[Opening INFORMATION section]
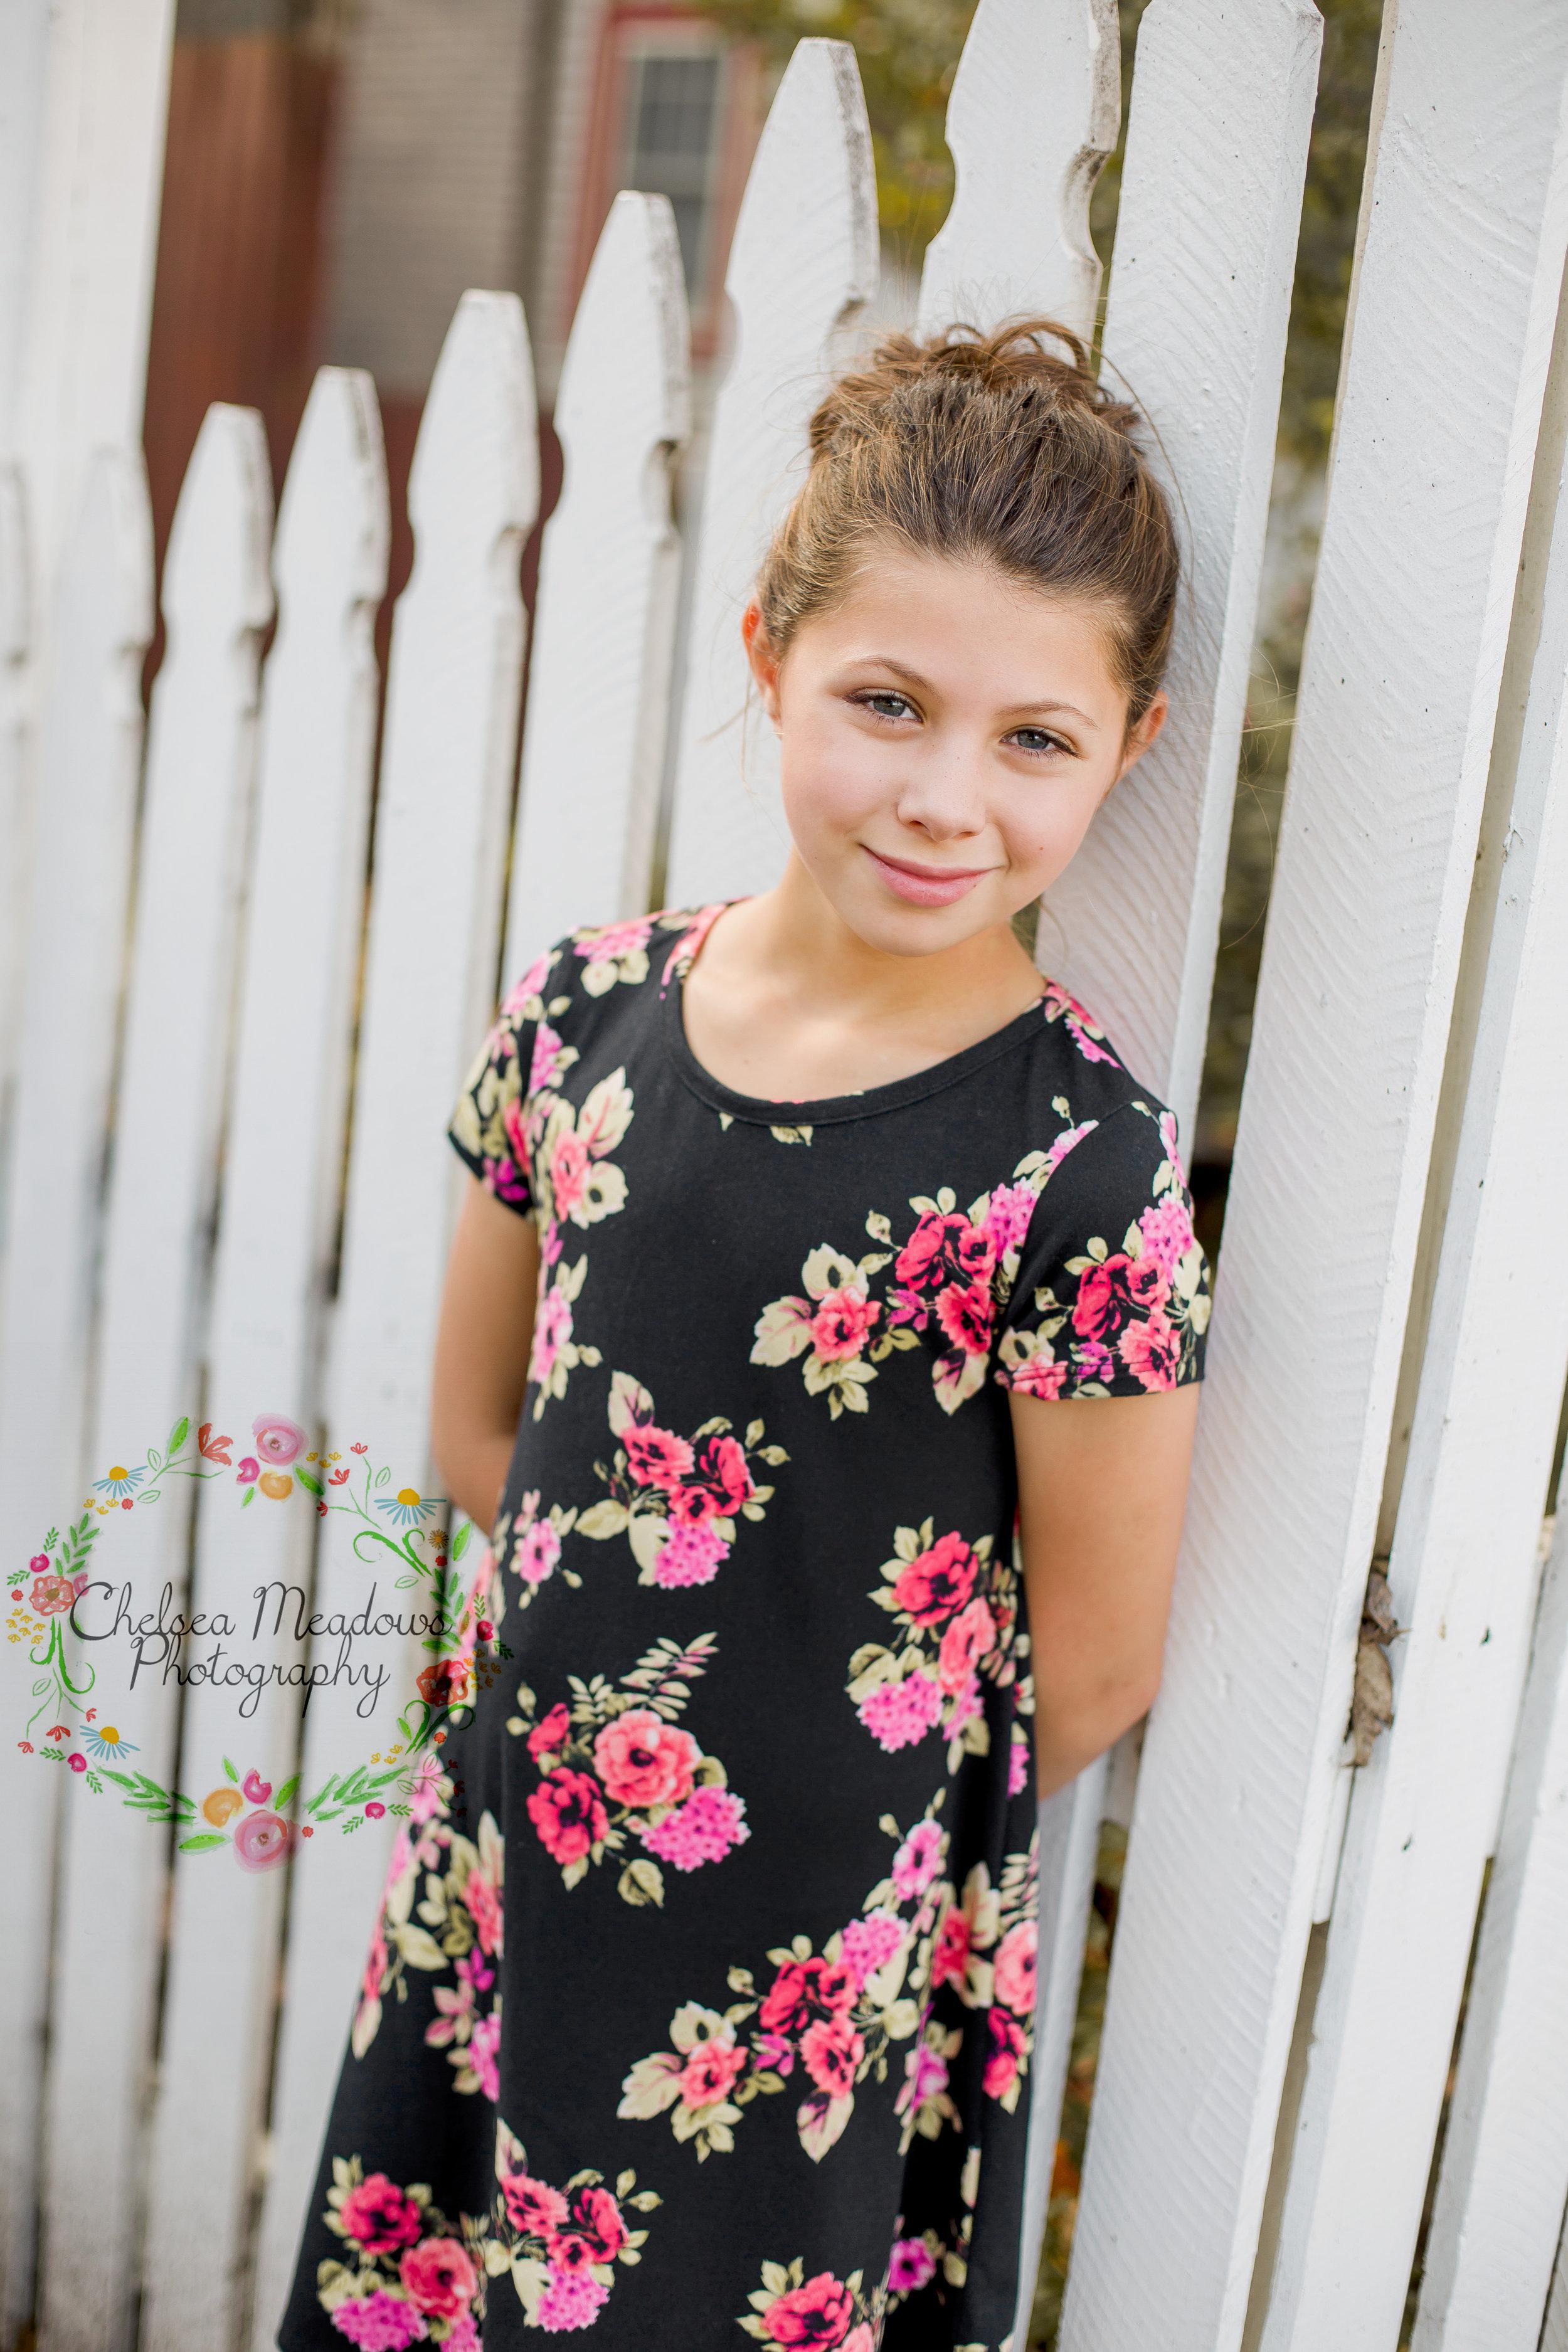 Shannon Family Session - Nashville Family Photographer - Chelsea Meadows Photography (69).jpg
[Closing INFORMATION section]
[Opening INFORMATION section]
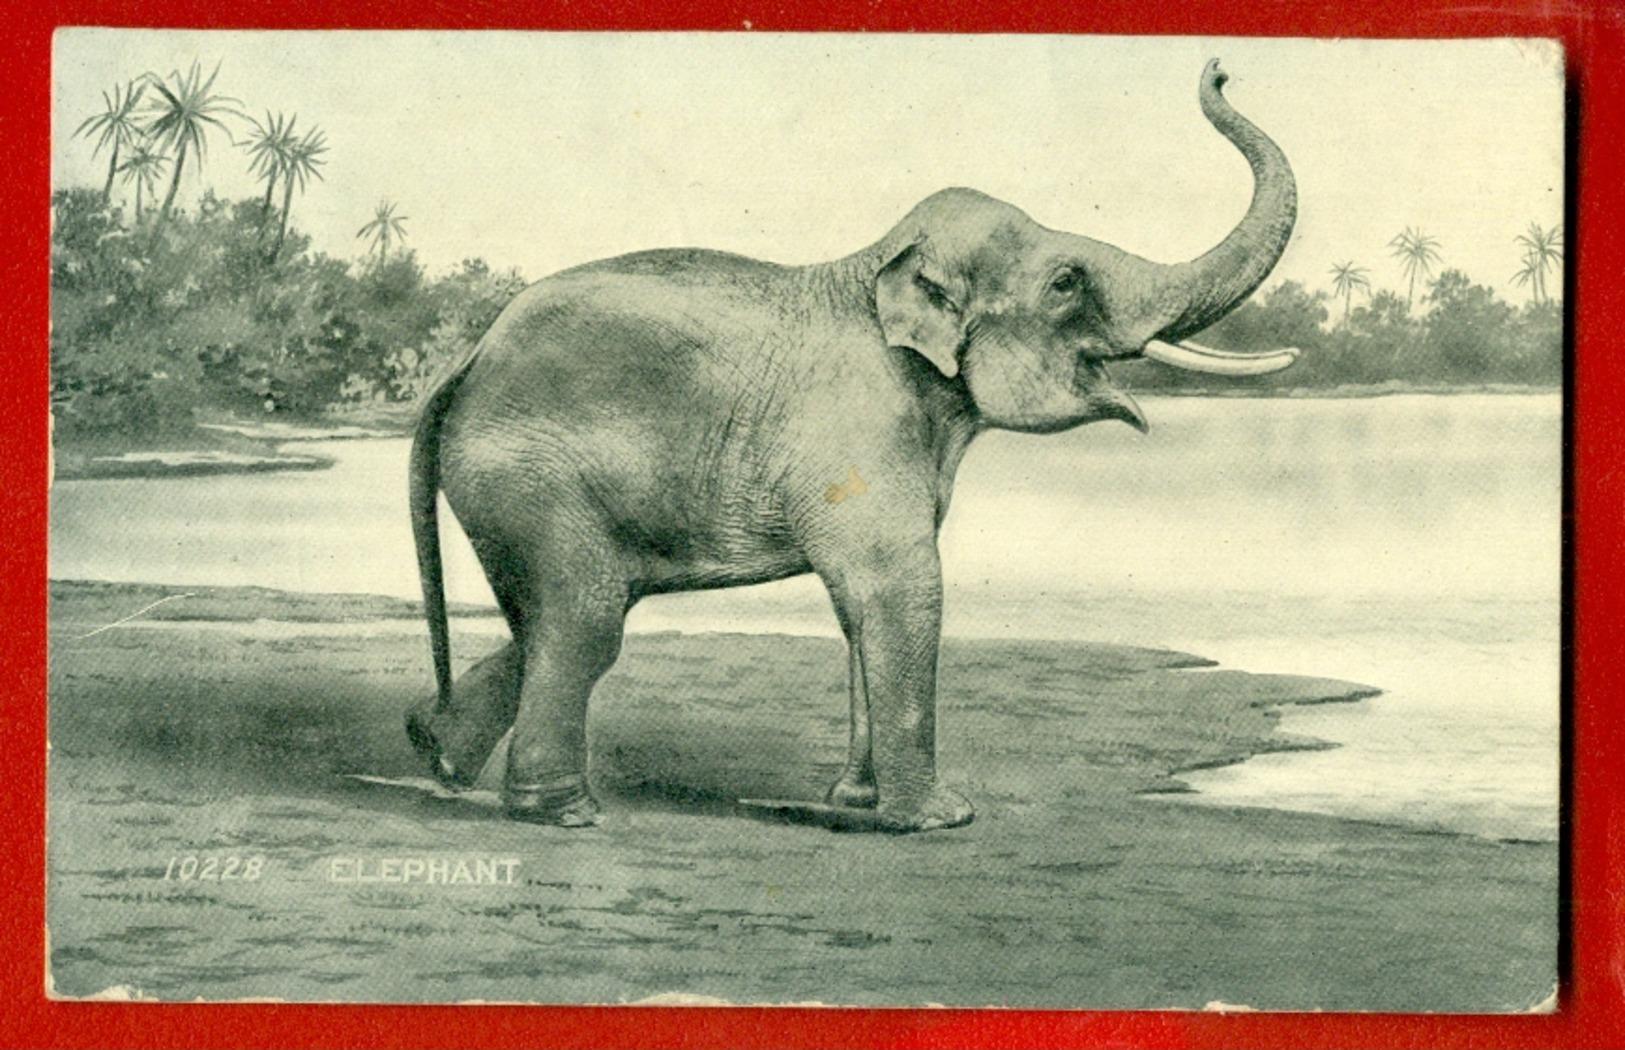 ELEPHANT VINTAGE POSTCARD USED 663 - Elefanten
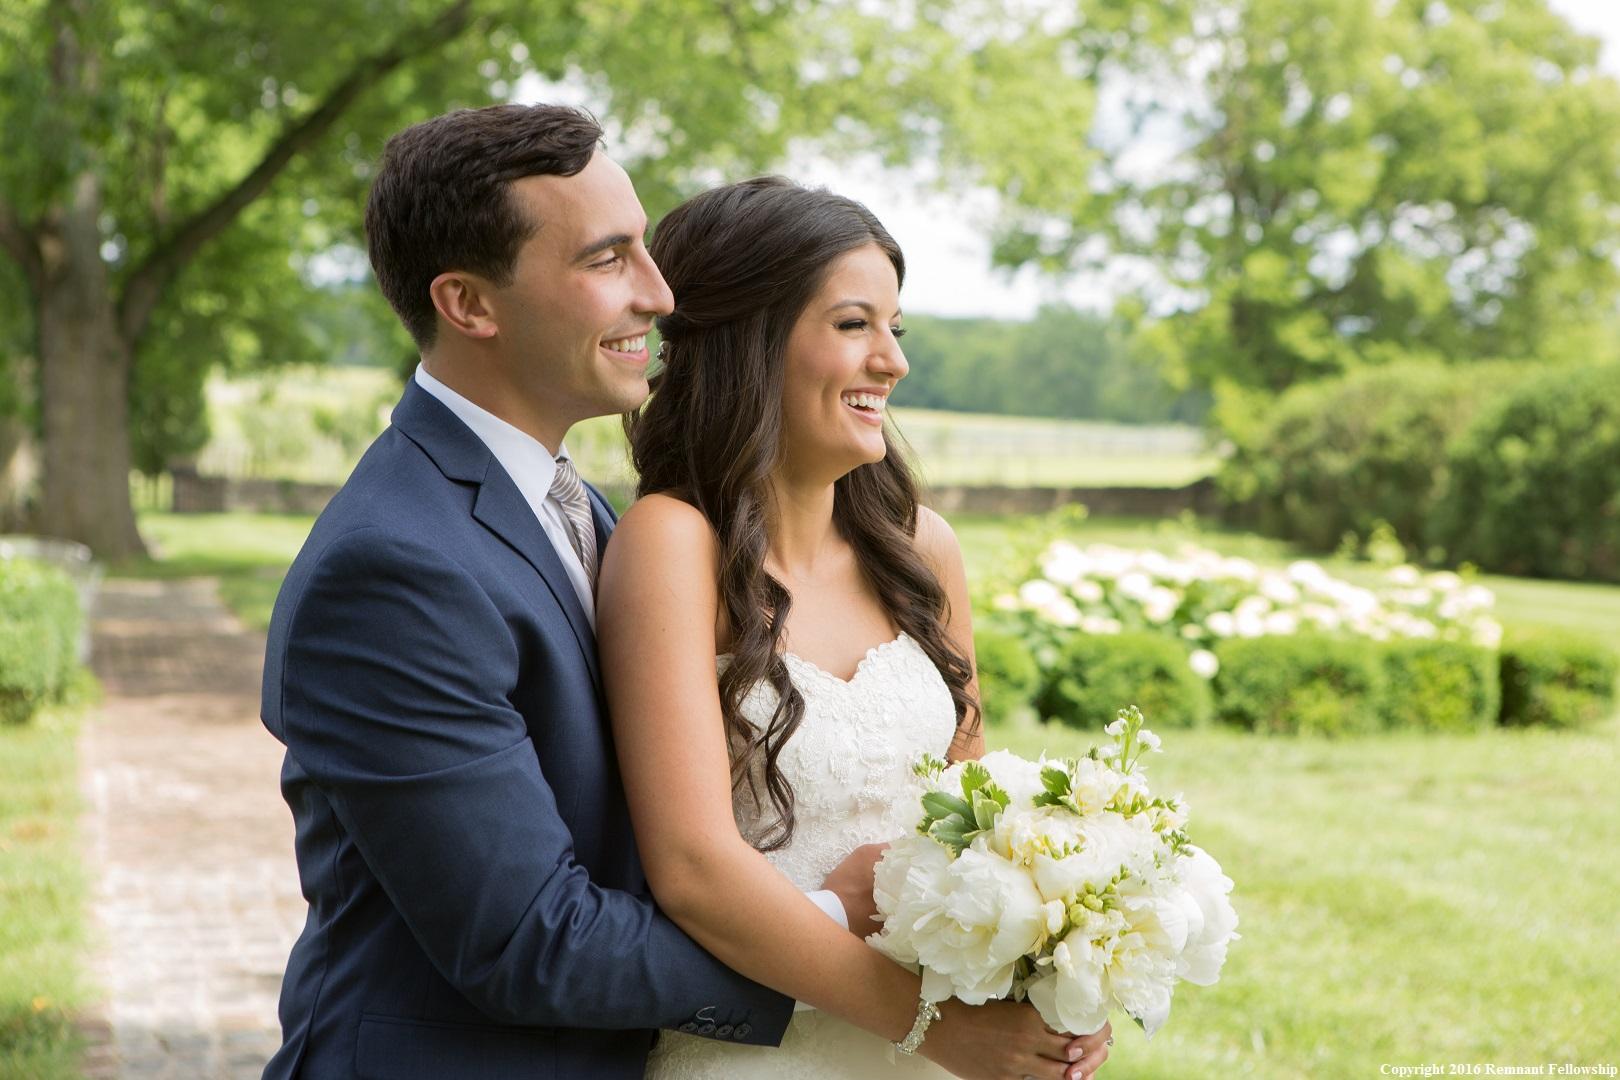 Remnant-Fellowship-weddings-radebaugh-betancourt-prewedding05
[Closing INFORMATION section]
[Opening INFORMATION section]
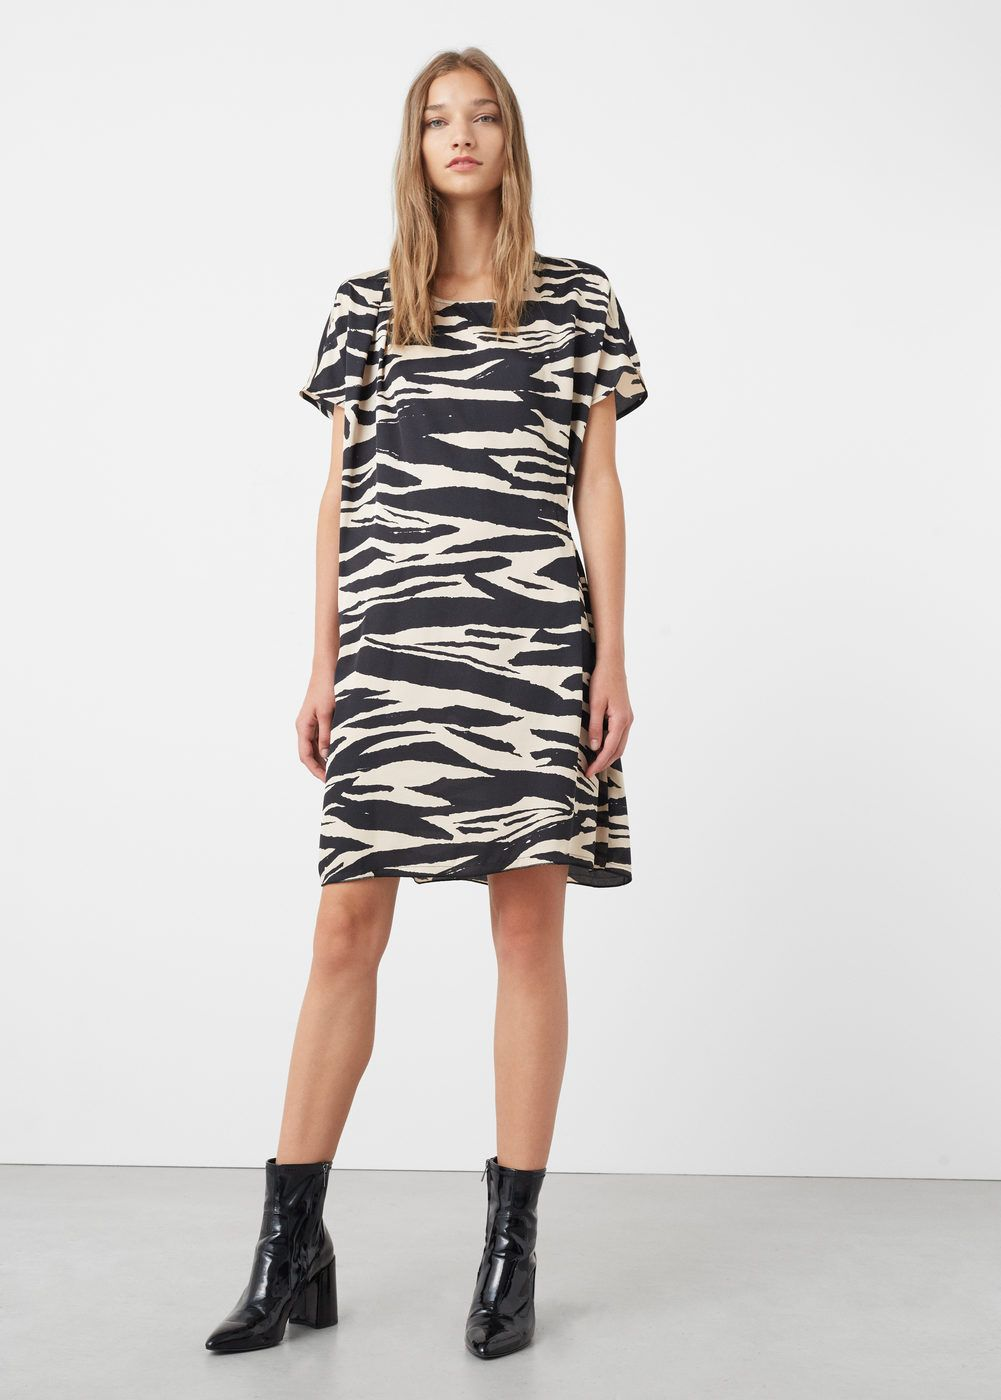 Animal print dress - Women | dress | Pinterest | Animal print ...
[Closing INFORMATION section]
== WORK INSTRUCTION ==
Within these entries, output exactly the lines starting at the one with "ELEPHANT VINTAGE POSTCARD" and finishing at the one with "Remnant-Fellowship-weddings-radebaugh-betancourt-prewedding05". Leave pictures out of the output.

== TASK SOLUTION ==
 ELEPHANT VINTAGE POSTCARD USED 663 - Elefanten
 Remnant-Fellowship-weddings-radebaugh-betancourt-prewedding05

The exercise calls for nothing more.